Welche Unterlagen brauche ich für den Verkauf?+
Die letzten zwei Jahresabschlüsse, die zuletzt erstellte BWA, ein aktueller Handelsregisterauszug sowie eine Ausweiskopie der Gesellschafter. Optional und nicht zwingend: Unbedenklichkeitsbescheinigungen von Finanzamt und Krankenkasse.
Was ist ein Letter of Intent (LOI)?+
Eine schriftliche Absichtserklärung des Käufers mit Eckdaten der geplanten Transaktion: Kaufpreis, Zeitplan, Übertragungsmodalitäten, Bedingungen (z. B. erfolgreiche Due Diligence). Der LOI ist meist nicht voll bindend, aber ein klares Commitment — und der Startschuss für die Vertragsverhandlung.
Was passiert in der Due Diligence?+
Der Käufer prüft die wirtschaftlichen, rechtlichen und steuerlichen Verhältnisse der GmbH. Bei kleineren Mittelstands-GmbHs läuft das als ‚Due Diligence light‘: Sichtung der Hauptverträge, Steuerbescheide, offener Verbindlichkeiten, Mitarbeiterverträge. Dauer in der Regel 5–10 Werktage.
Was geschieht beim Notartermin?+
Der Anteilskauf-Vertrag wird verlesen, von Verkäufer und Käufer unterzeichnet und beurkundet. Anschließend zahlt der Käufer den Kaufpreis und der Notar reicht die geänderte Gesellschafterliste beim Handelsregister ein. Mit Eintragung sind Sie als Verkäufer raus.

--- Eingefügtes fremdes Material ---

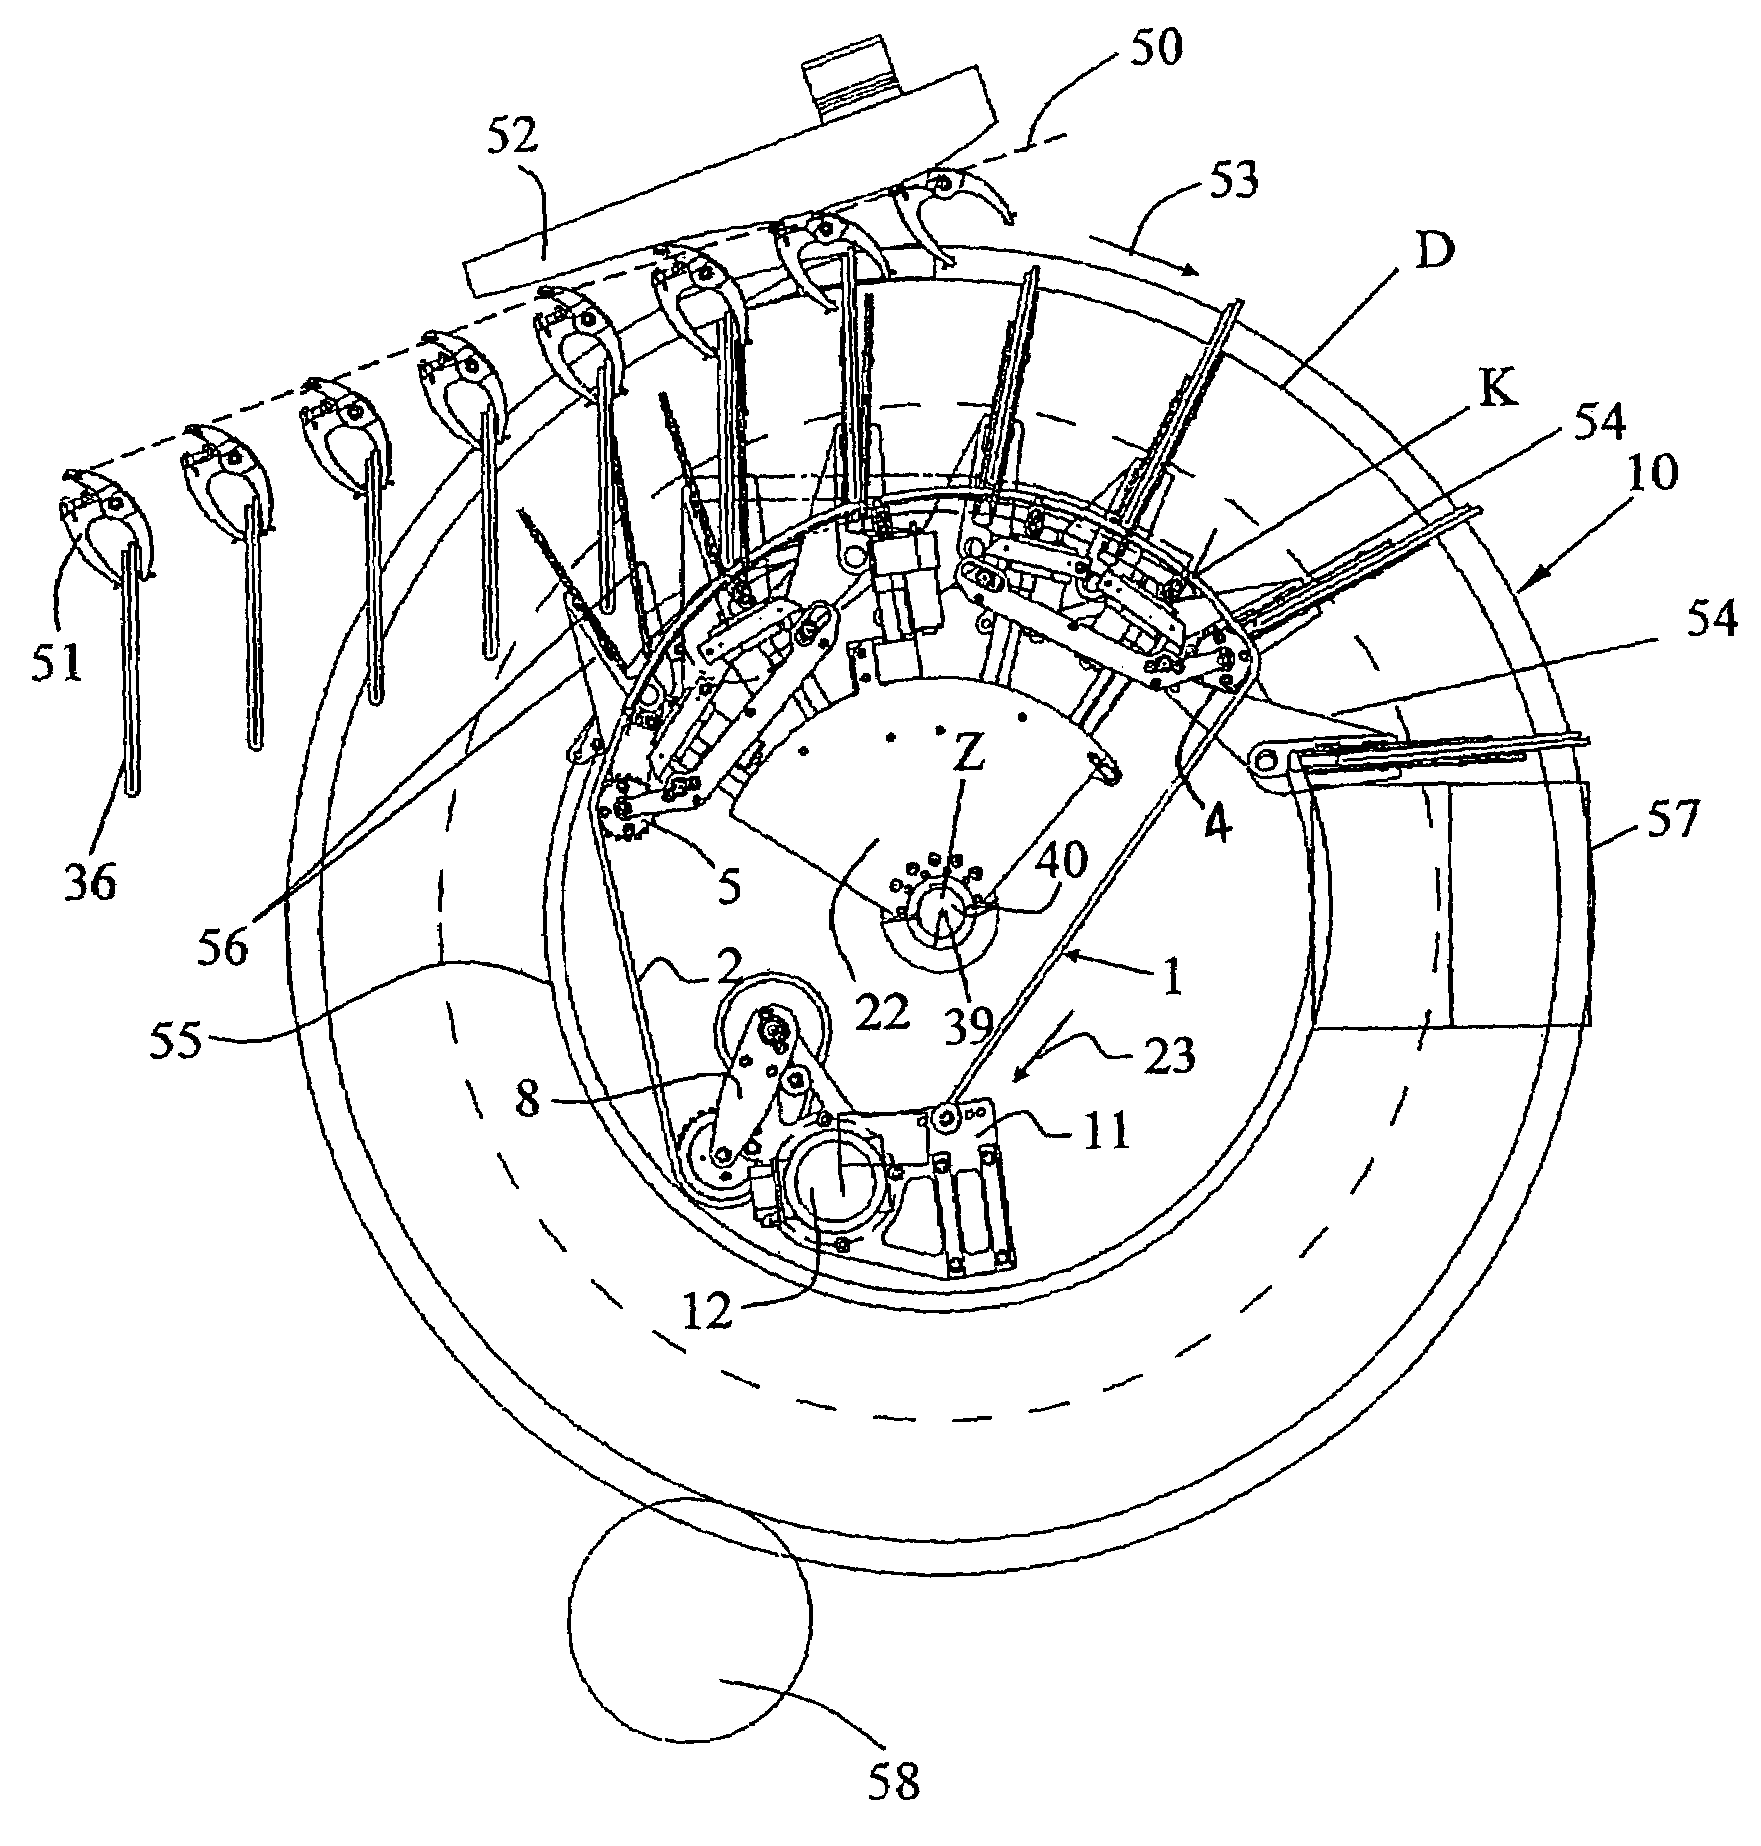 Apparatus for trimming print products

Wer trägt die Notar- und Handelsregisterkosten?+
Bei Nachfolgehaus übernehmen wir Notar-, Handelsregister- und Übertragungskosten vollständig, sofern die Gesellschaft im bisherigen geordneten Zustand — mit bestehender Bankverbindung, laufenden Verträgen und regulärem Geschäftsbetrieb — auf uns übergeht. Sie haben damit netto höhere Erlöse als bei klassischen Verkäufen, bei denen der Verkäufer oft hälftig die Notarkosten trägt.